The most recent FanFest, as in years past, was staffed with volunteers who received MLB souvenirs as opposed to wages, the lawsuit said. Unlike a nonprofit or charity organization, for-profit ventures such as MLB are required to pay those who work at these events minimum wages, said Outten & Golden LLP's Justin M. Swartz who is representing FanFest volunteers.
A ticket to this year's FanFest event, held between July 12 and July 16, cost $35 for an adult and $30 for a child above age 2, the complaint said. Concessions were also relatively steep, with a small bag of potato chips running $5 and a cup of lemonade costing $7.50, the lawsuit said.
“MLB could have easily afforded to pay its FanFest workers," the lawsuit said.
The lawsuit seeks to force MLB into changing its staffing policies and to recover wages for all volunteers who worked at FanFest and related events since August 5, 2007. Swartz said all of the major U.S. sports leagues utilize similar staffing practices at their All-Star events.
“We hope that tagging MLB with this lawsuit will clean up its practices and lead other sports leagues to make the same call,” Swartz said in a statement. “It would be a win if MLB followed the ground rules that apply to other businesses. When companies save money by accepting unpaid work, wages everywhere slide.”
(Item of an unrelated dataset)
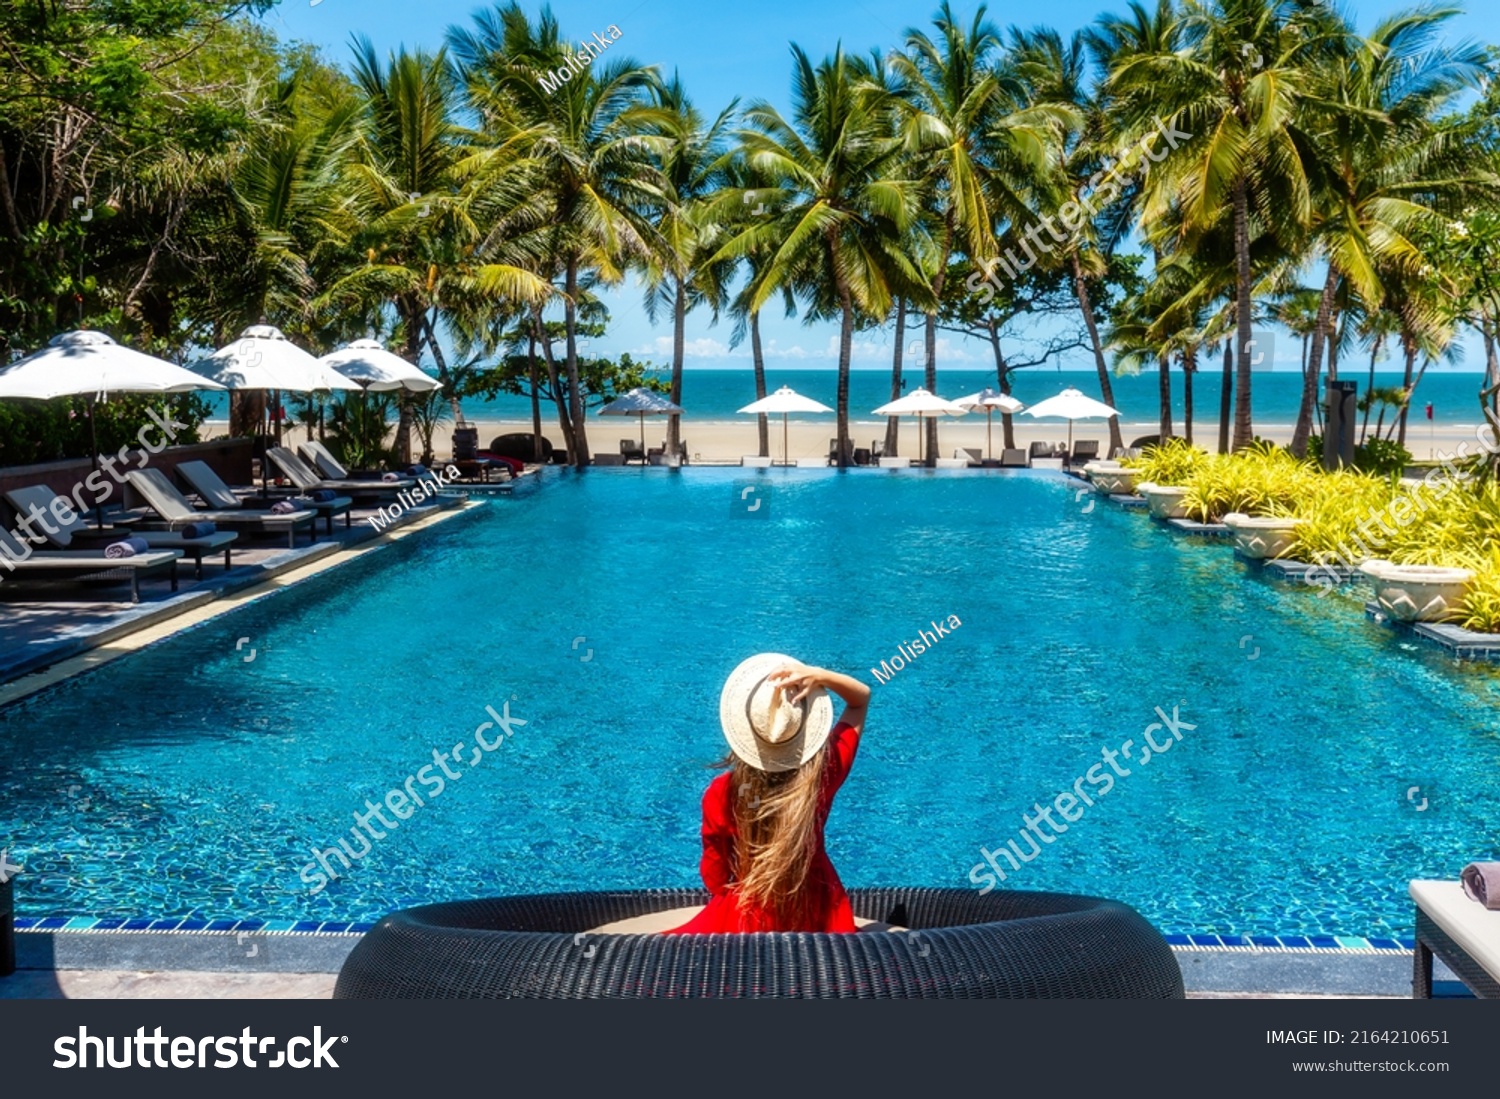 Luxury beach vacation in tropical beach hotel. Tourist woman in red dress relax near blue swimming pool in modern resort. Female traveler on sea vacation. #2164210651

According to the complaint, volunteers at the 2013 FanFest were required to pass a background check, attend an information session at Citi Field and work multiple shifts for which they were paid no wages. MLB had similar policies at previous FanFest events, the lawsuit said.
The lawsuit was filed on behalf of John Chen of Rego Park, N.Y., and alleges MLB failed to pay workers the minimum wage required under the Fair Labor Standards Act and the New York Labor Law. The complaint also alleges MLB violated labor laws for using unpaid volunteers at the 2012 All-Star FanFest in Kansas City, the 2011 All-Star FanFest in Phoenix and the 2008 All-Star FanFest in New York.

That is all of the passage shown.